Jimmy Bermúdez

Personal information
- Full name: Jimmy Bermúdez Valencia
- Date of birth: 16 December 1987 (age 38)
- Place of birth: Puerto Tejada, Colombia
- Height: 1.83 m (6 ft 0 in)
- Position: Centre back

Youth career
- 2004: Boca Juniors de Cali
- 200?–2006: Atlético Nacional

Senior career*
- Years: Team / Apps / (Gls)
- 2006: → Alianza Petrolera (loan)
- 2006: → Atlético Bucaramanga (loan) / 11 / (0)
- 2007–2009: Atlético Nacional / 9 / (0)
- 2010: Envigado / 25 / (0)
- 2011: Atlético Huila / 10 / (0)
- 2012–2016: LDU Loja / 66 / (0)
- 2014–2015: → Atlante (loan) / 17 / (0)
- 2015–2017: Atlante / 35 / (0)
- 2017–2018: Rionegro Águilas / 2 / (0)
- 2018: Atlético / 13 / (0)
- 2019: Leones Vegetarianos
- 2020: Olmedo / 8 / (0)

International career^{‡}
- 2007: Colombia U20 / 6 / (0)
- 2013–2014: Equatorial Guinea / 4 / (1)

= Jimmy Bermúdez =

Footballer (born 1987)

Jimmy Bermúdez Valencia (born 16 December 1987) is a former professional footballer who played as a defender. Mainly a centre-back, he also operated as a full-back.

Formed at Boca Juniors de Cali, Bermúdez joined Colombian giants Atlético Nacional and was loaned to Alianza Petrolera in the Categoría Primera B, where he began his professional career. After a second loan, this time to Atlético Bucaramanga in the Categoría Primera A, he was able to play with Atlético Nacional, winning Categoría Primera A. He later played for other Colombian clubs and for sides in Ecuador, Mexico and Equatorial Guinea.

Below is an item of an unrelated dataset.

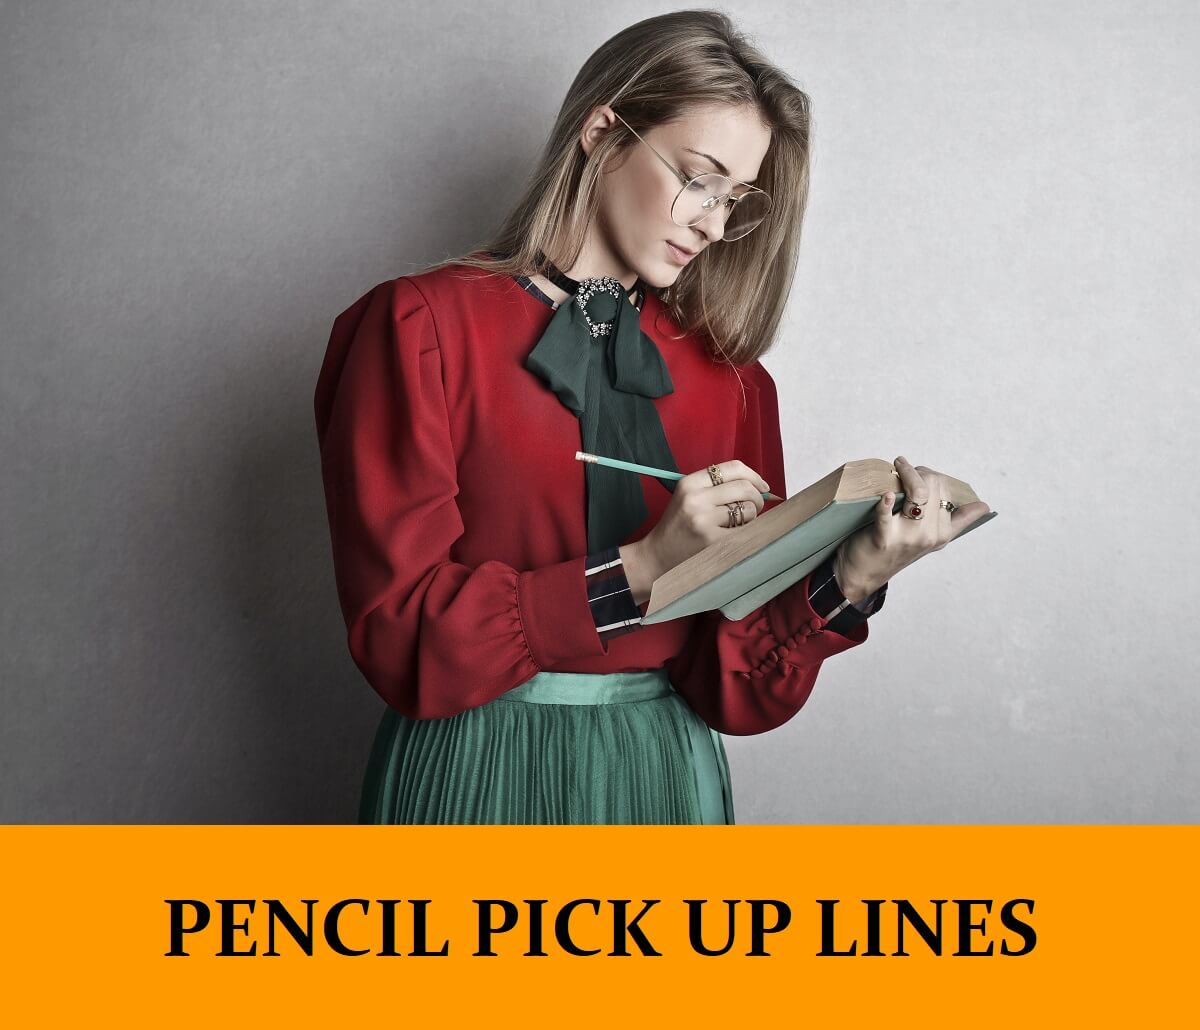 Pick Up Lines About Pencils

Born and raised in Colombia to Colombian parents, Bermúdez officially played for the Colombia national under-20 team. He later appeared with the Equatorial Guinea national team, after people from the Central African nation liked of some of his football highlights on YouTube and contacted him via his Facebook fanpage.

==Club career==
He played for LDU Loja in two editions of Copa Sudamericana (2012 and 2013).

==International career==
Baermúdez was a starter for Colombia in the 2007 South American U-20 Championship.

In May 2013, Bermúdez was purchased by the Equatoguinean football team, which then he began to represent, received Equatoguinean citizenship and getting €3,000 for each match played.

===International goal===
Scores and results list Equatorial Guinea's goal tally first, score column indicates score after each Bermúdez goal.

List of international goals scored by Bermúdez
| No. | Date | Venue | Opponent | Score | Result | Competition |
|---|---|---|---|---|---|---|
| 1 | 16 November 2013 | Estadio de Malabo, Malabo, Equatorial Guinea | Spain | 1–1 | 1–2 | Friendly match |

===Controversy about eligibility===
Bermúdez recognizes that he is not of Equatorial Guinean descent, but considers he can represent the African country as he has not played for Colombia at senior level. According to FIFA's rules, footballers should be holders of the second nationality at the time of playing youth international matches with the original country. This rule has already been applied in the similar case of Portuguese-based Brazilian footballer Fernando. Additionally, when Bermúdez made his international debut with Equatorial Guinea, on 8 June 2013, he had spent his entire club career in Colombia and Ecuador. This aspect violated, thus, the condition D of the relevant current FIFA statute about the eligibility of a player, Article 17: Acquisition of a new nationality, which says: «He has lived continuously for at least five years after reaching the age of 18 on the territory of the relevant Association». Bermúdez was never punished by any of these two situations.